[Opening DATASET EXCERPT section]

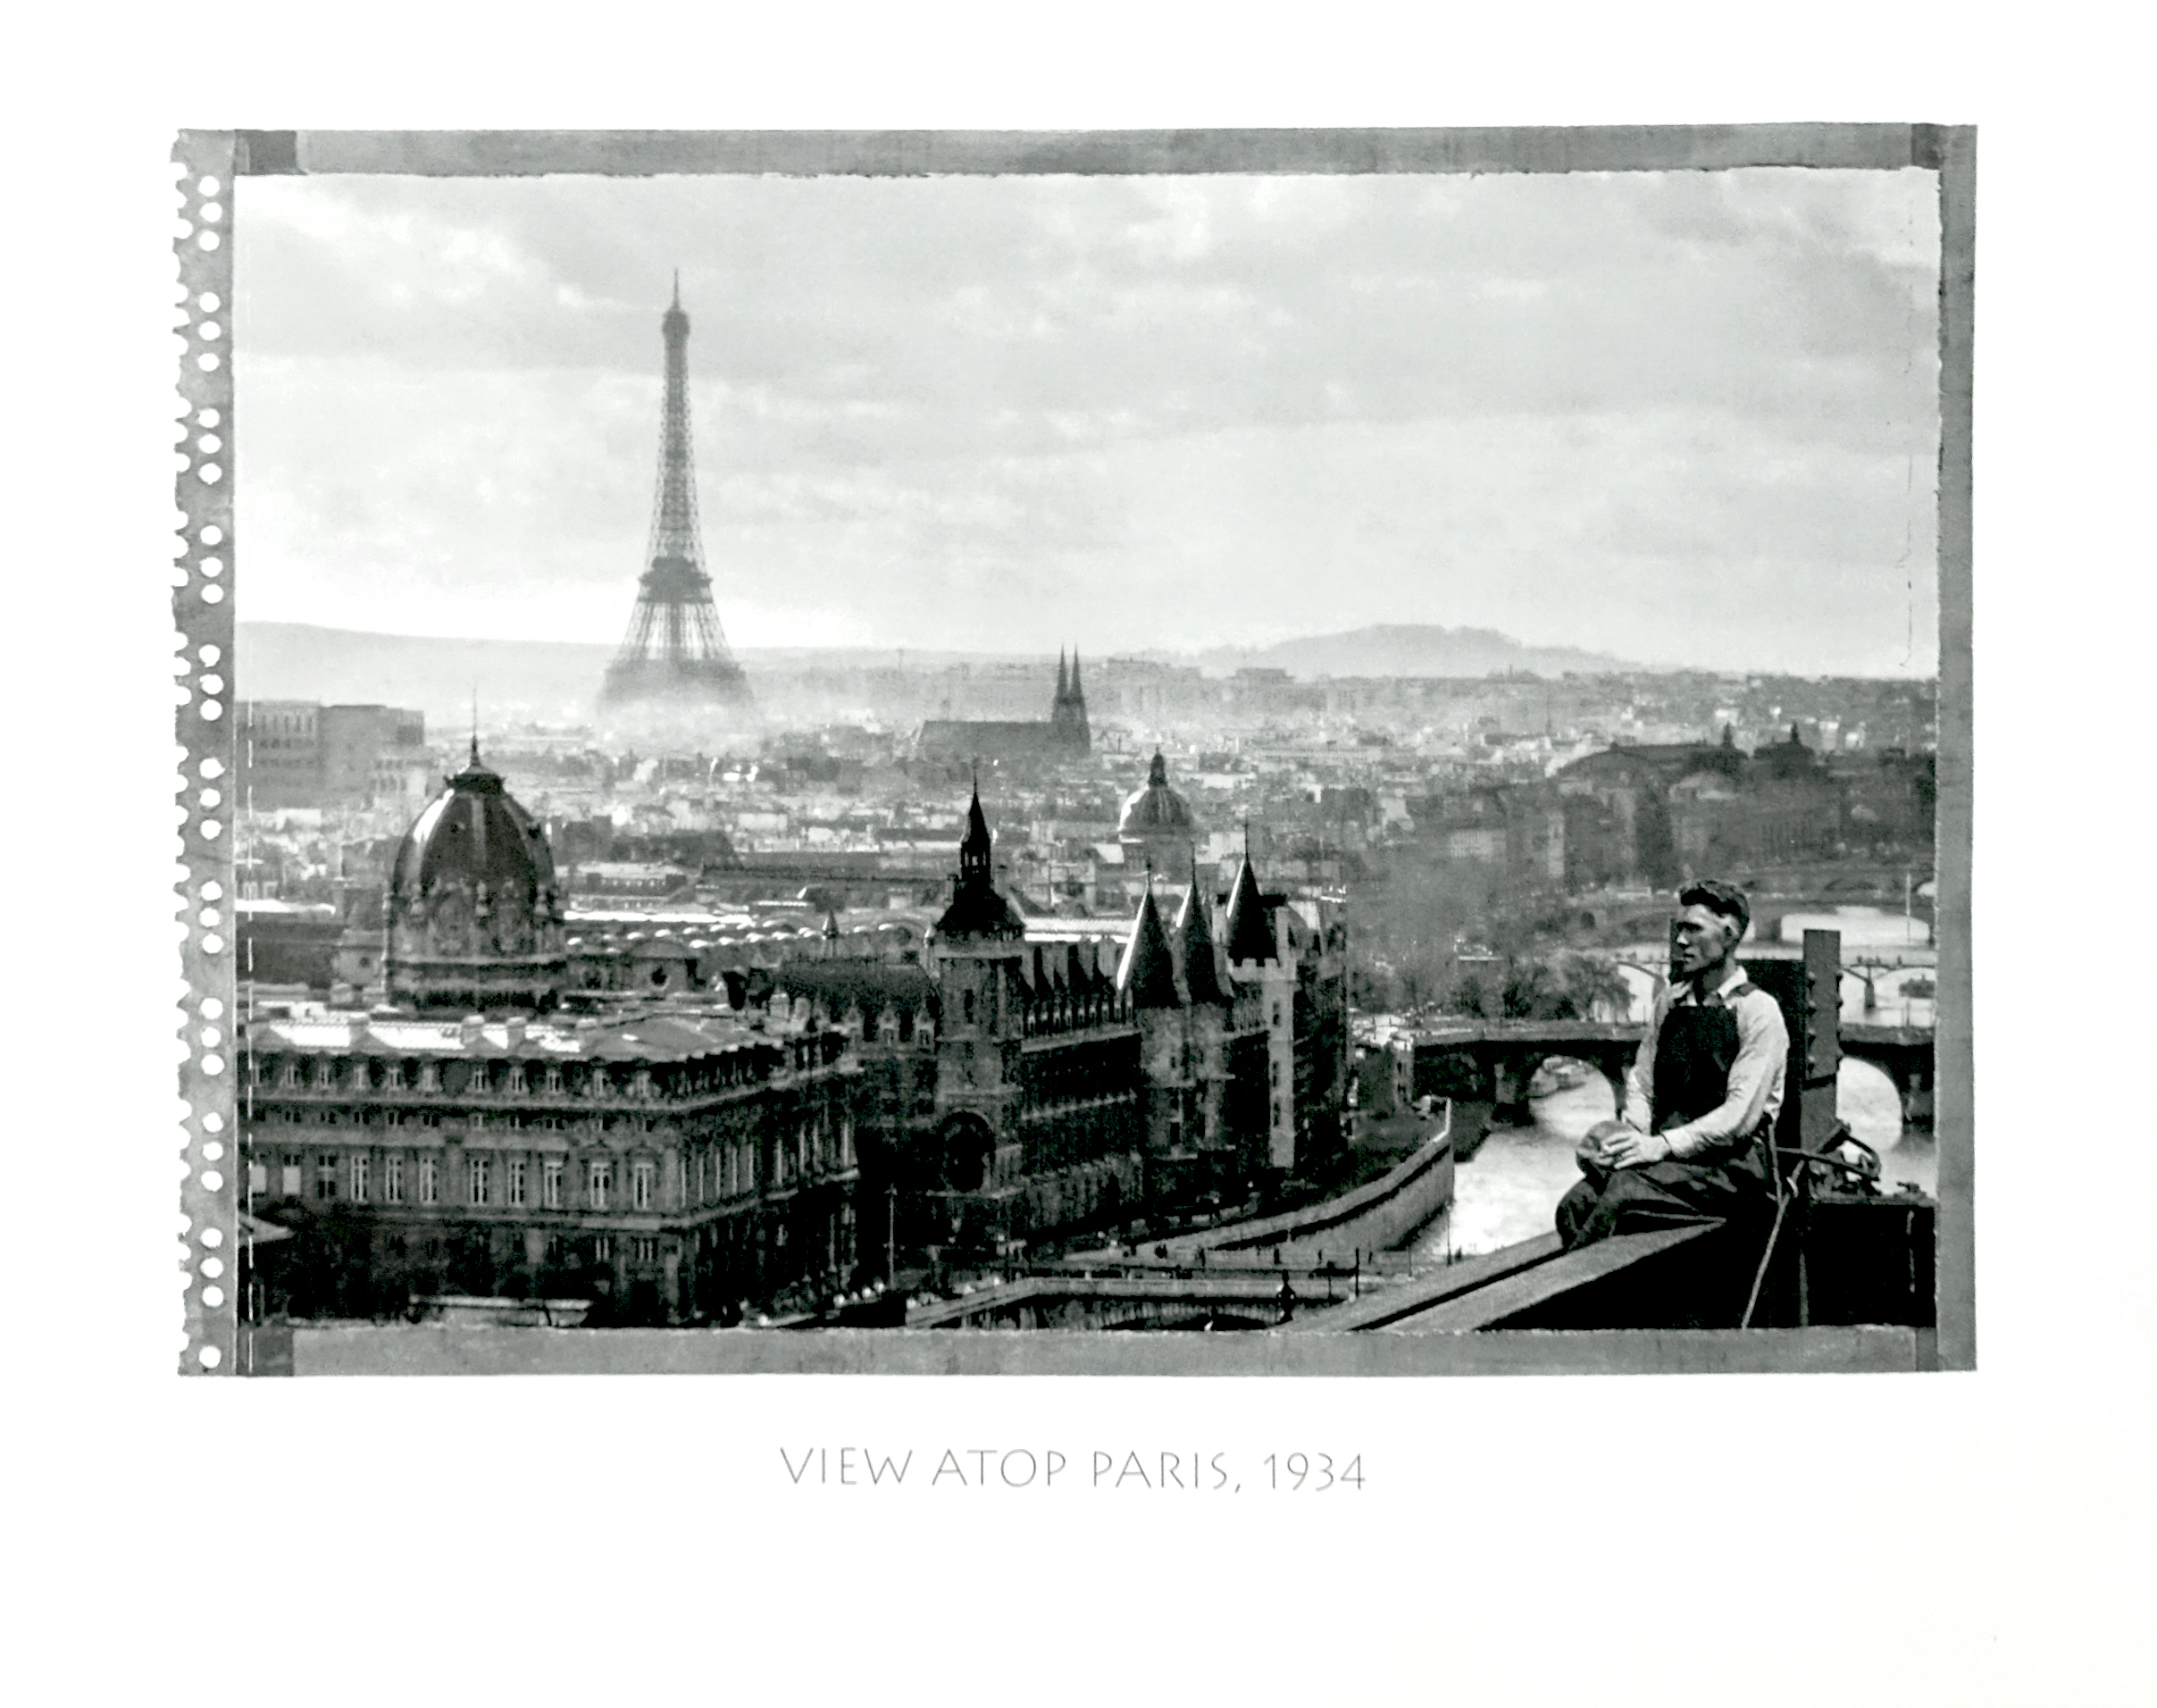 View Atop Paris, 1934
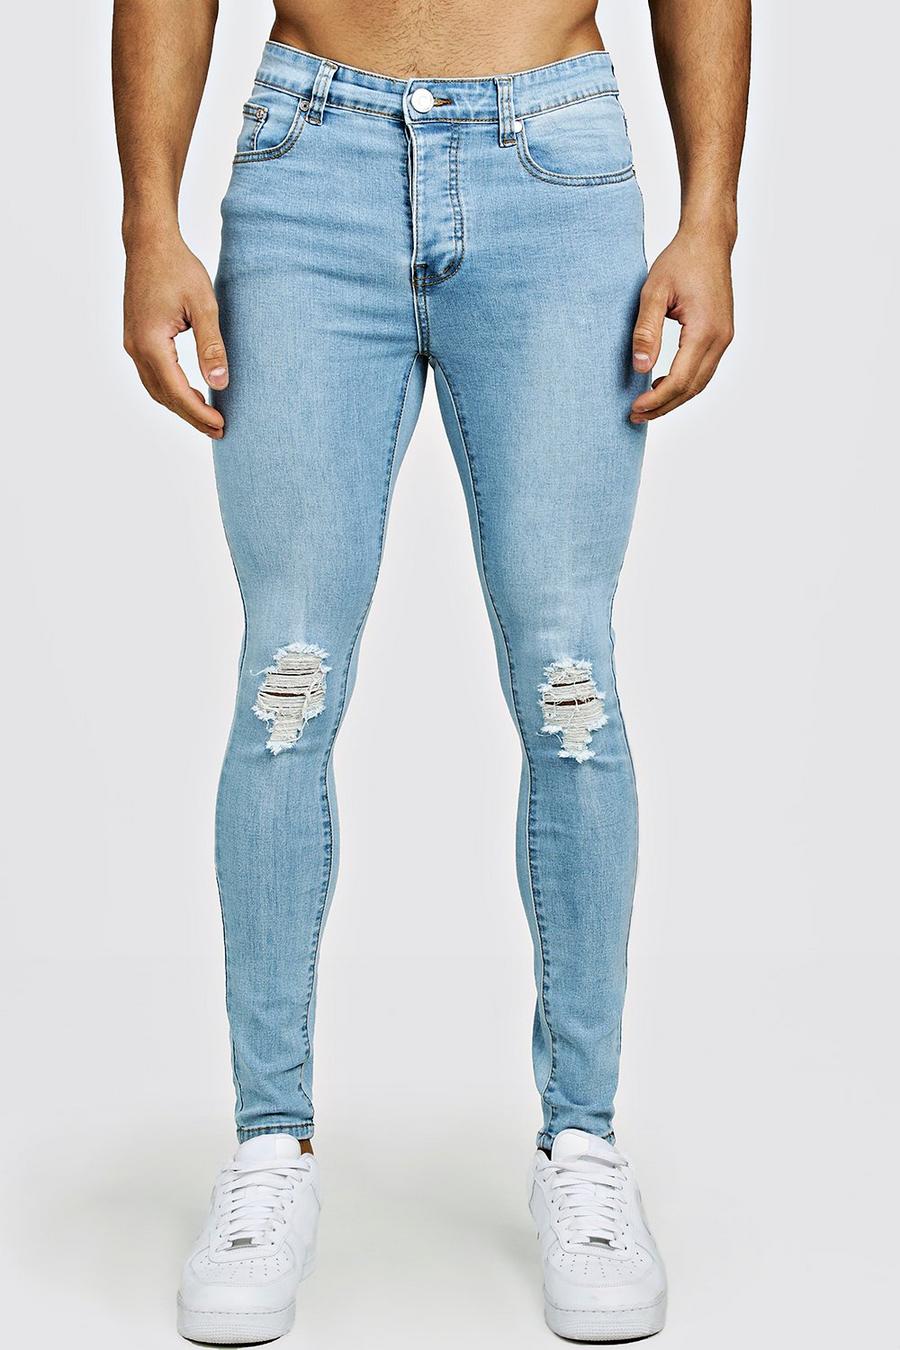 כחול בהיר סופר סקיני ג'ינס עם קרעים בברכיים image number 1
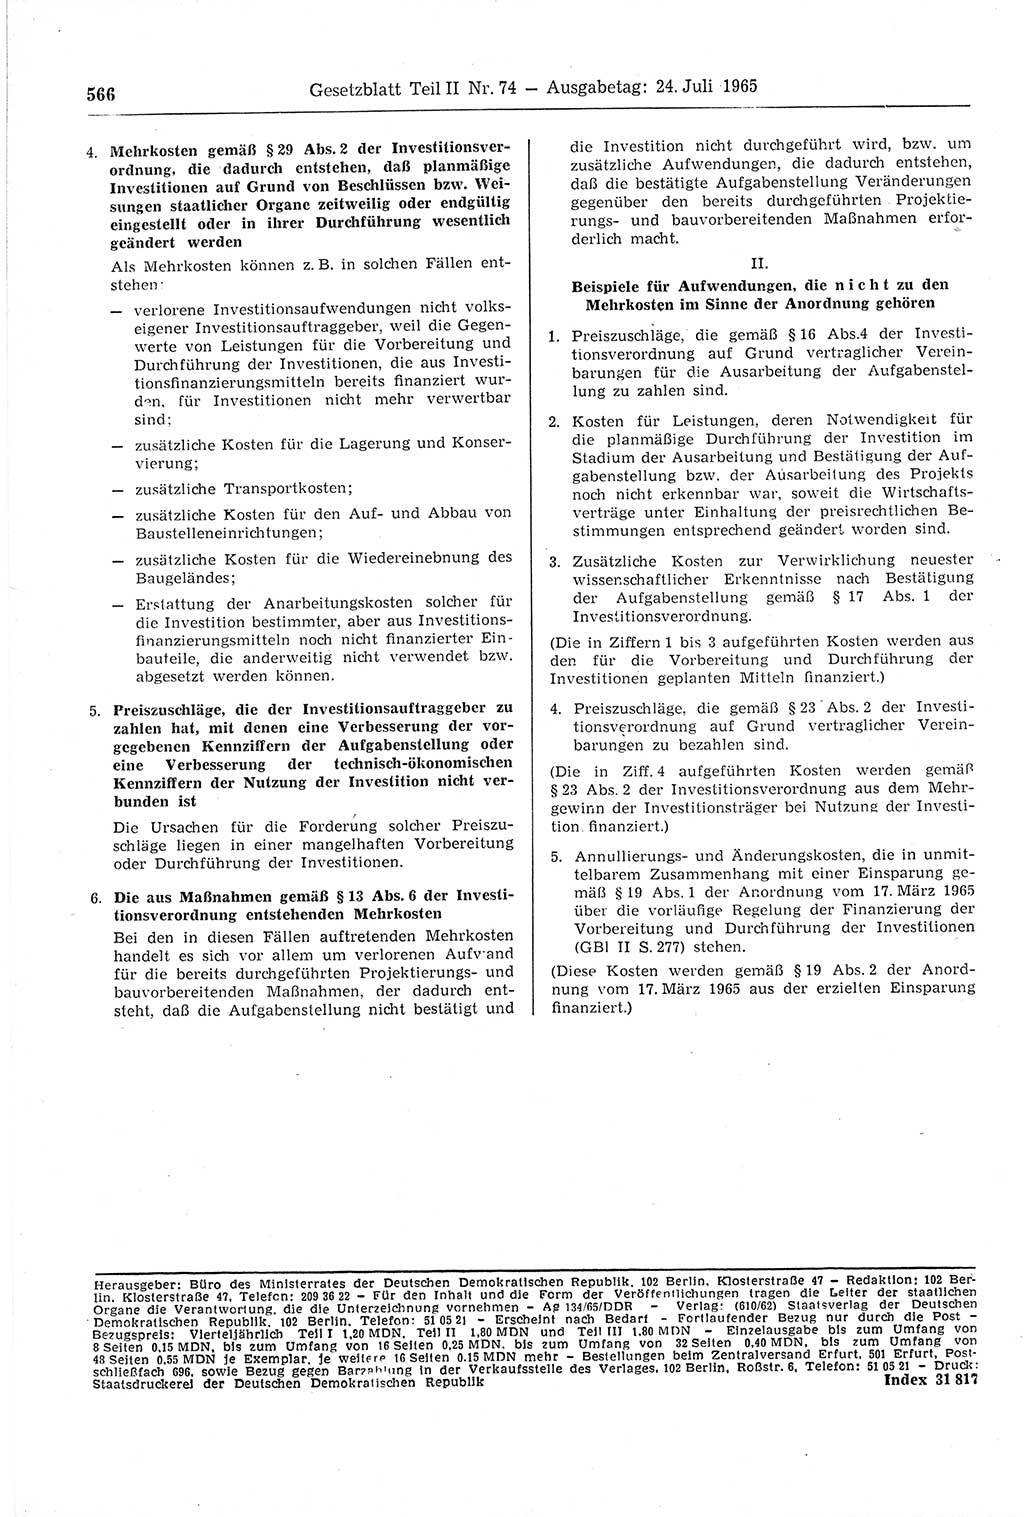 Gesetzblatt (GBl.) der Deutschen Demokratischen Republik (DDR) Teil ⅠⅠ 1965, Seite 566 (GBl. DDR ⅠⅠ 1965, S. 566)

[Closing DATASET EXCERPT section]

TASK OBJECTIVE. Copy out the listing exactly as it stands, but not the pictures.

TASK RESPONSE.
 View Atop Paris, 1934
 כחול בהיר סופר סקיני ג'ינס עם קרעים בברכיים image number 1
 Gesetzblatt (GBl.) der Deutschen Demokratischen Republik (DDR) Teil ⅠⅠ 1965, Seite 566 (GBl. DDR ⅠⅠ 1965, S. 566)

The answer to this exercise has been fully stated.